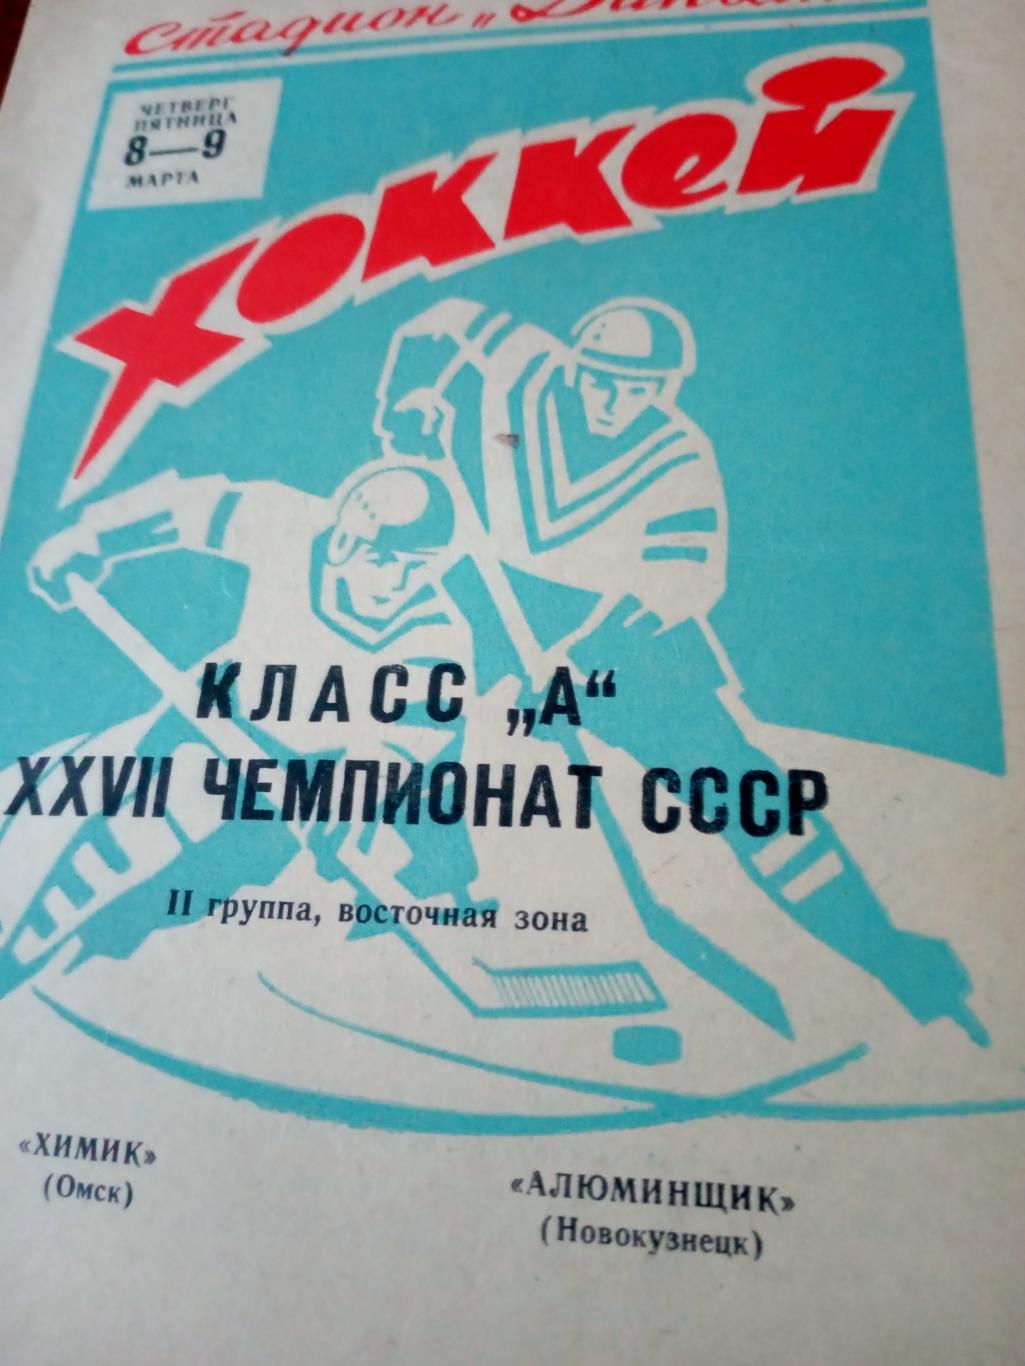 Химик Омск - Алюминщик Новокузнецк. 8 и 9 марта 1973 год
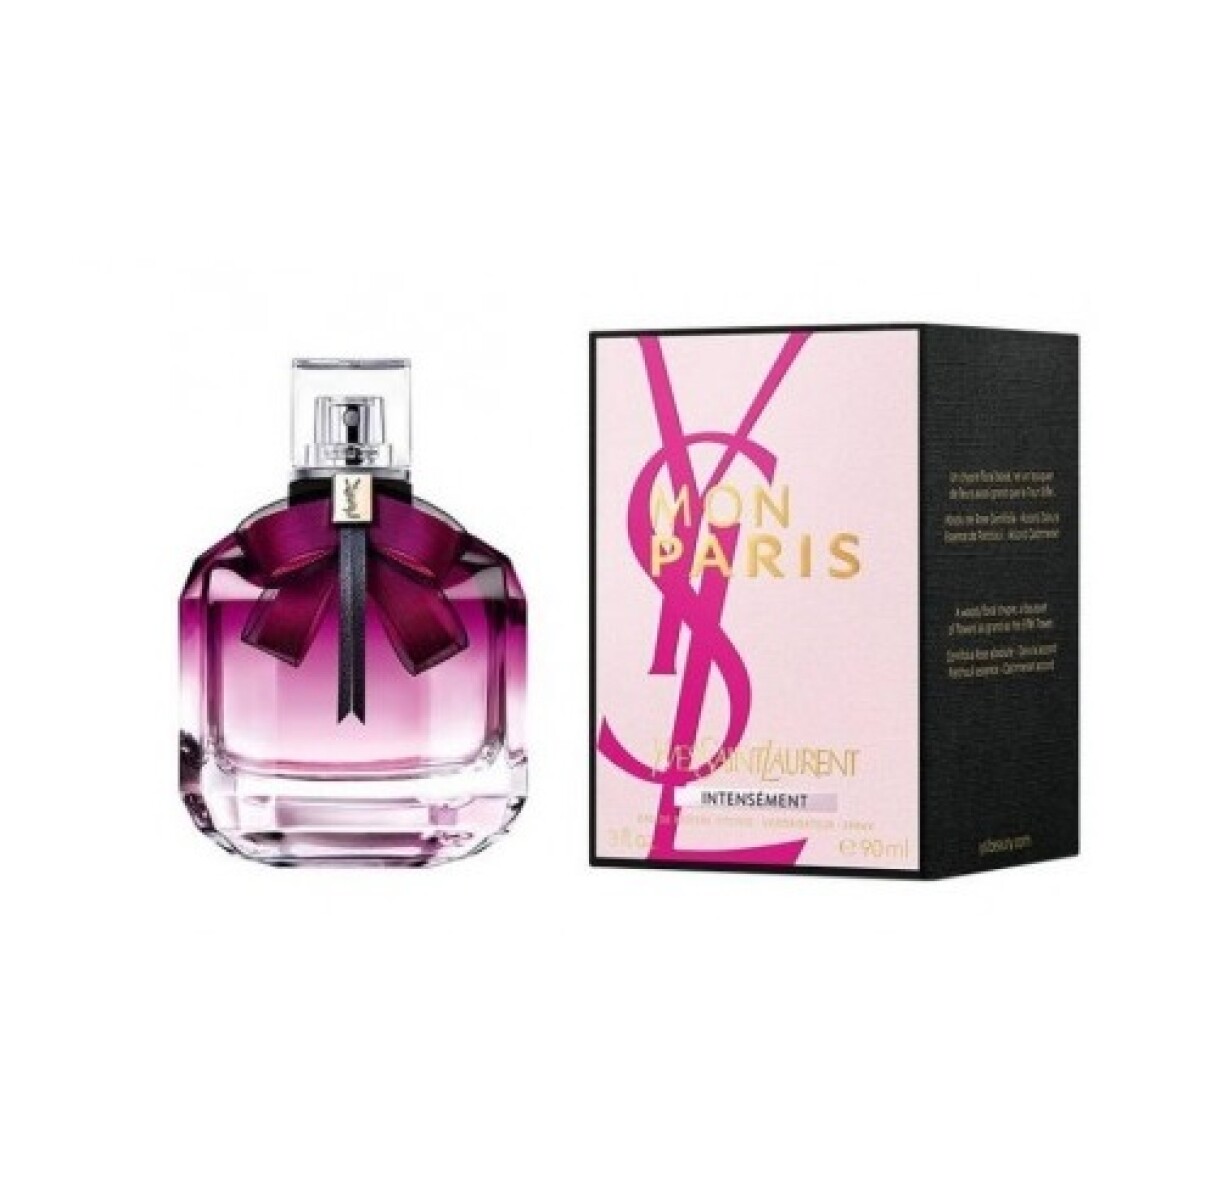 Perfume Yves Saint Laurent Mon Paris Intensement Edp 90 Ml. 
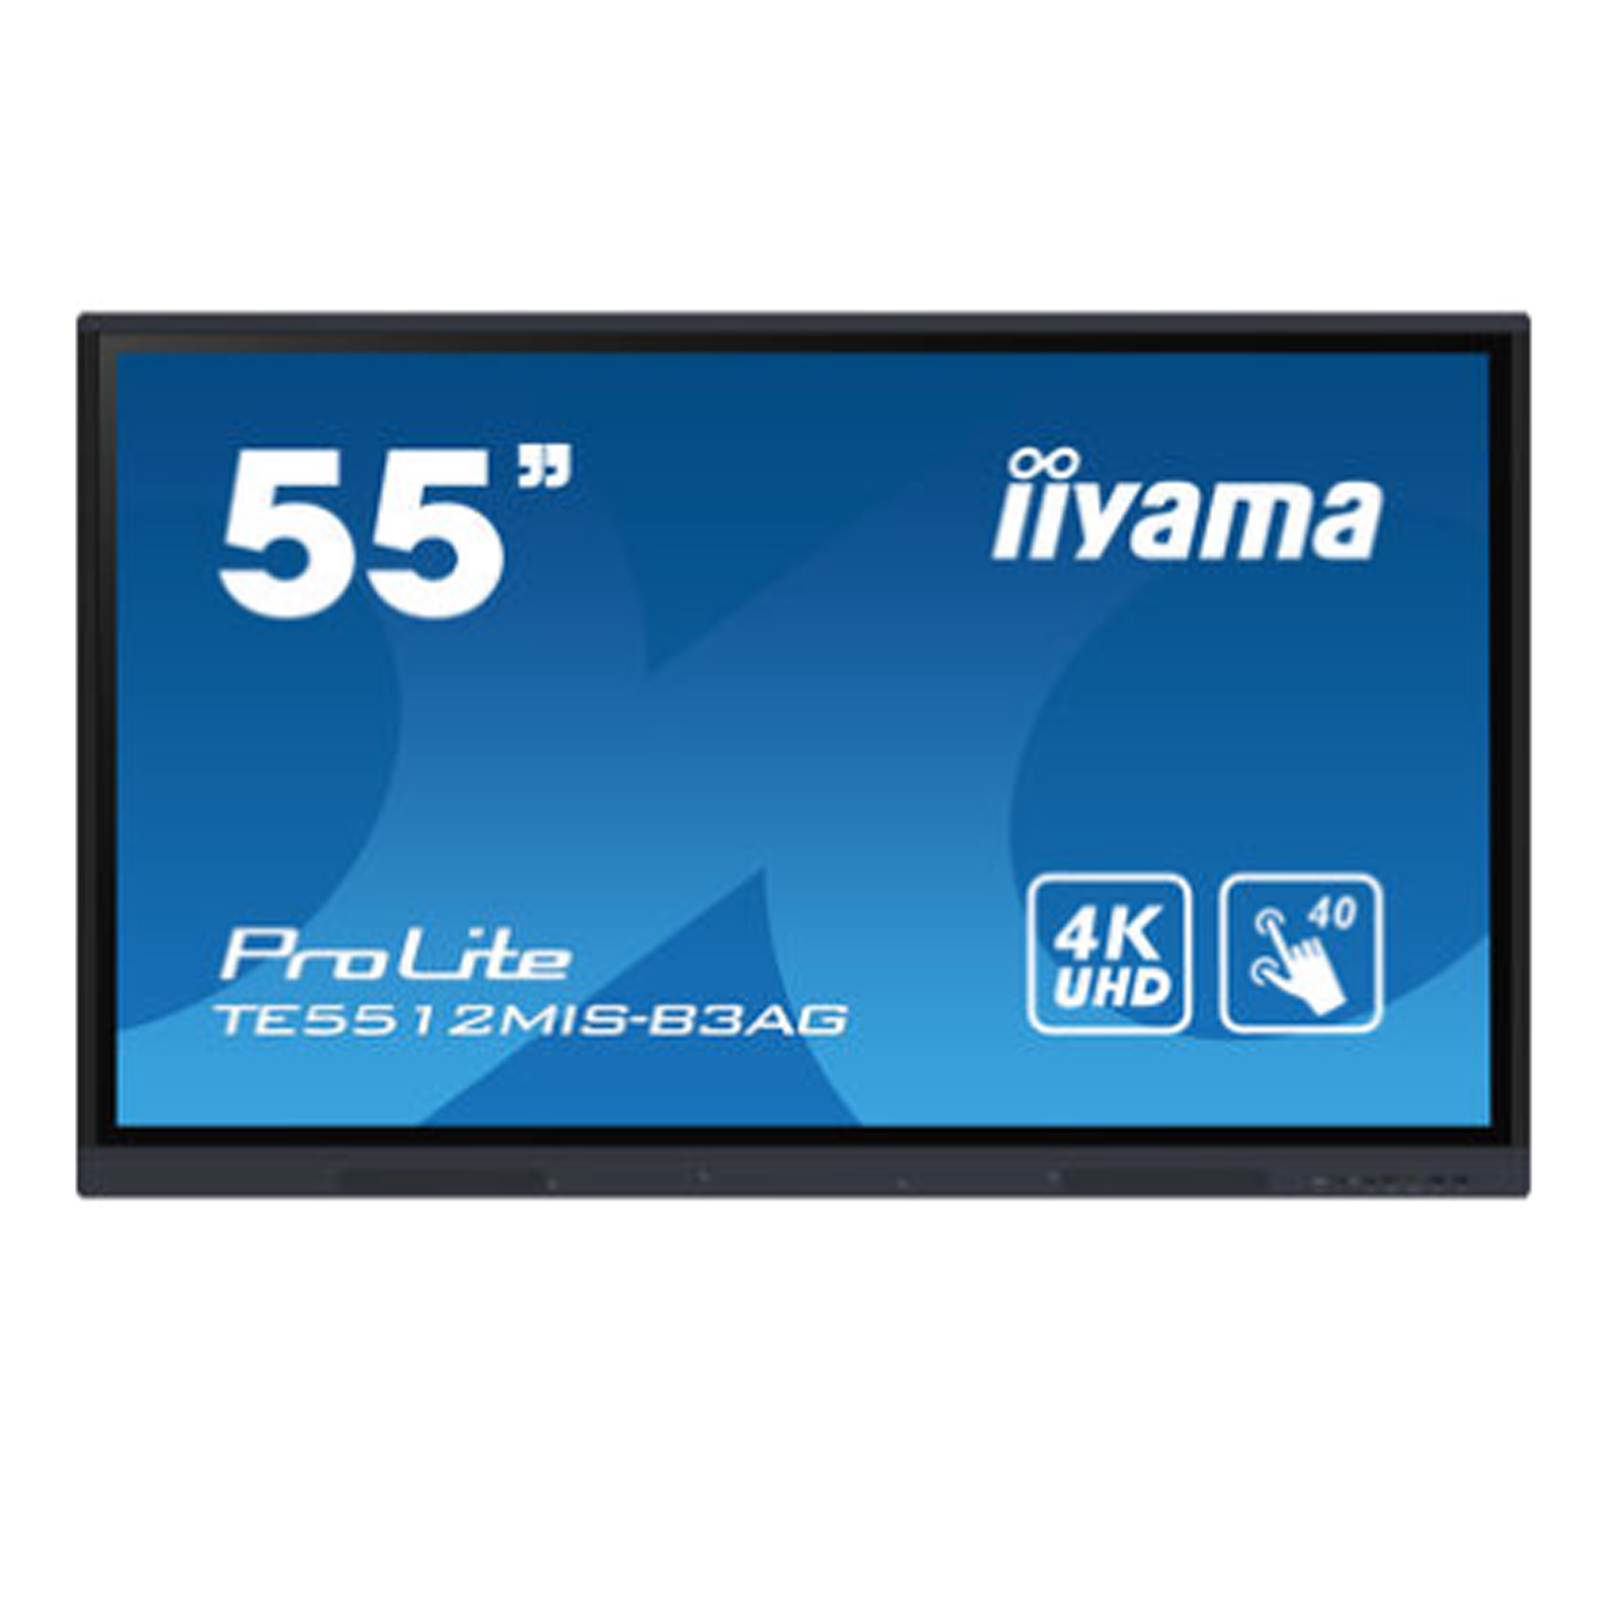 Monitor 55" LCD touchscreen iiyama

Exercise:
Return all of the material precisely as written. No picture belongs in it.

Your solution:
 Химик Омск - Алюминщик Новокузнецк. 8 и 9 марта 1973 год
 Perfume Yves Saint Laurent Mon Paris Intensement Edp 90 Ml. 
 Monitor 55" LCD touchscreen iiyama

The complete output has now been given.